How COP15 and COP26 can win the race
We need to see a seamless relay of the baton. The biodiversity COP15 part 1 will be swiftly followed by climate COP26, and biodiversity COP15 part 2 will follow in April. This period from October 2021 to May 2022 has to be seen as an integrated and historic process under the overarching 2030 Agenda for Sustainable Development.
There have to be integrated discussions, communication and advocacy across the conventions breaking the climate and nature silos. As the United Nations Secretary-General calls for at least half of climate finance to be directed to resilience and adaptation, this investment must seize the opportunities of nature-based solutions.
This is humanity’s race to net-zero emissions and to stop to biodiversity loss and land degradation. This cannot be a race of separate conventions and separate goals. This is one race, and everyone needs to win.

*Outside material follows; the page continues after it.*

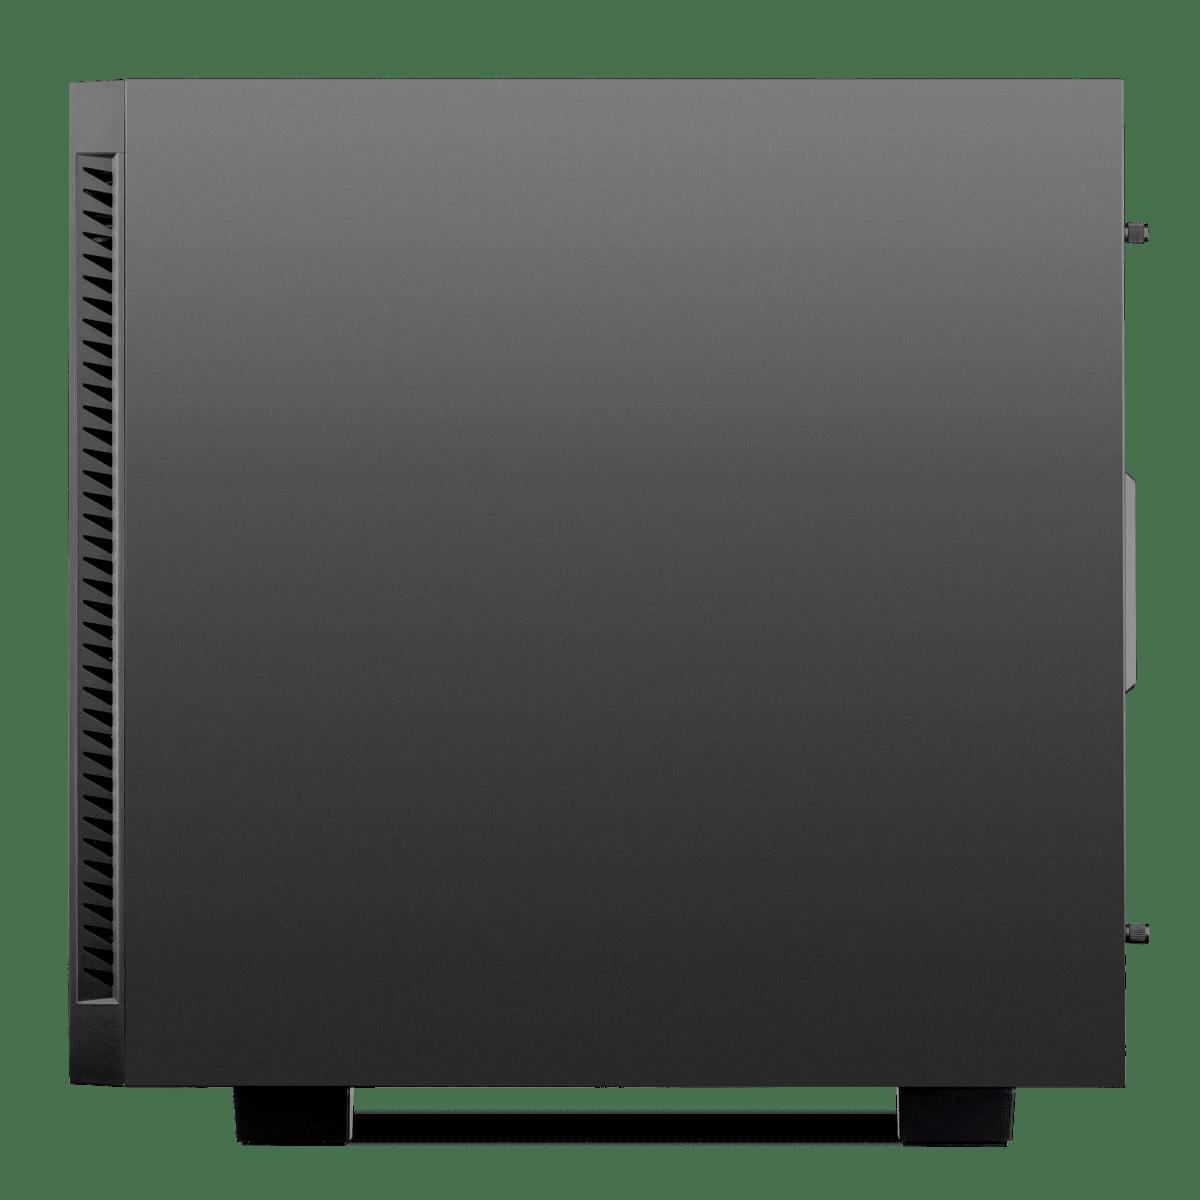 98d04c7ae3c AMD Ryzen 7 1700 Gaming PCs: iBUYPOWER®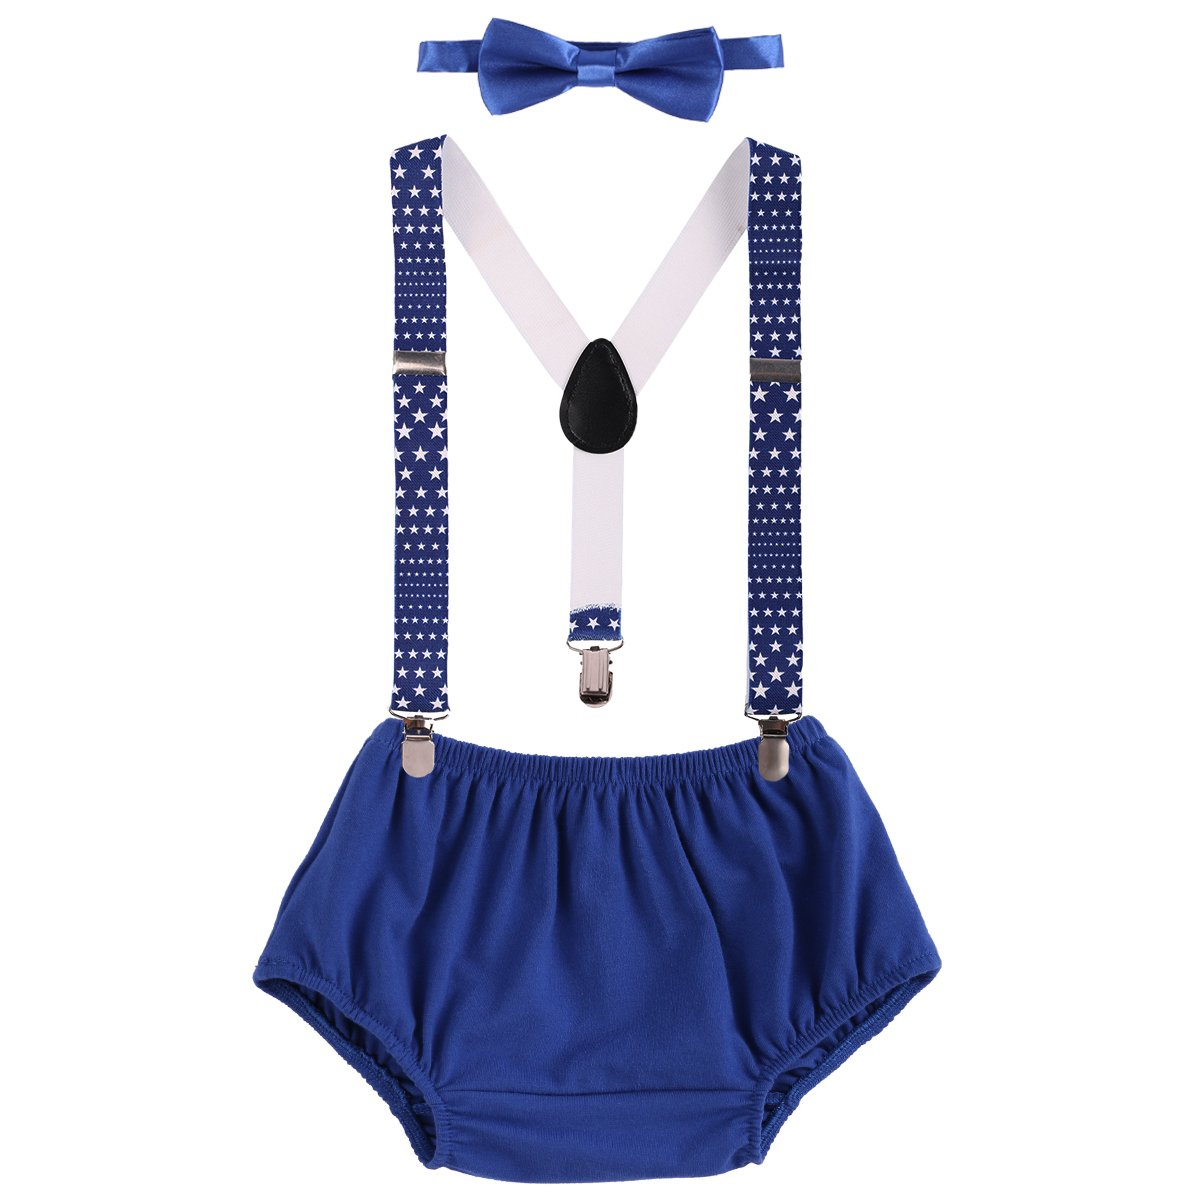 Unisex Suspenders and Bow Tie Set Adjustable Braces Elastic Y-back Baby Kids Hot

The post-2020 global biodiversity framework will outline what countries need to do, individually and collectively, in the next decade and beyond, to set the world on a course to living in harmony with nature by 2050. The draft text of the framework includes proposals to protect 30 percent of the Earth’s land and sea, and increase financial resources for nature to at least US$200 billion per year. These are nature-based solutions for climate change.
COP26 provides a critical moment for countries to make strong national climate pledges – or Nationally Determined Contributions (NDCs) – that will help the world to achieve the goals of the Paris Agreement. Nature-Based Solutions must be a major component in the NDCs. UNDP has supported 55 countries in developing the nature for climate country reports to provide analysis on the potential of nature-based climate mitigation and adaptation solutions for each country to be integrated within their NDCs.
Finance for nature and climate is cross-cutting
Financing for nature in most cases is synonymous with finance for climate. Nature-based solutions are highly cost effective and don’t just deliver 30 percent of necessary emission reduction but also significantly support climate adaptation. Acceleration of efforts towards closing the $700 billion per year biodiversity finance gap is also about raising nature-based climate finance to the level necessary.
Elimination of negative investment such as fossil fuel and agriculture and land related subsidies have to be tackled in tandem and at speed. The finance sector and business have begun to realize the financial risks related to climate and nature and their dependency and impact on nature. The Taskforce on Nature Related Financial Disclosures (TNFD ) was launched in June this year, forming a coalition of over 130 financial institutions and businesses. More than 1,000 companies with $4.7 trillion in revenue have signed a call for governments to adopt policies to reverse nature loss by 2030.
Some businesses are also starting to recognize the tremendous commercial opportunities of decarbonization and participating in a booming nature friendly economy. According to the World Economy Forum a new nature economy could generate up to $10.1 trillion in annual business value and create 395 million jobs by 2030.
UNDP’s Human Development Report 2020 made it clear that we have only one choice. The only choice we have for sustainable and equitable future in the Anthropocene is to develop with nature and not against it.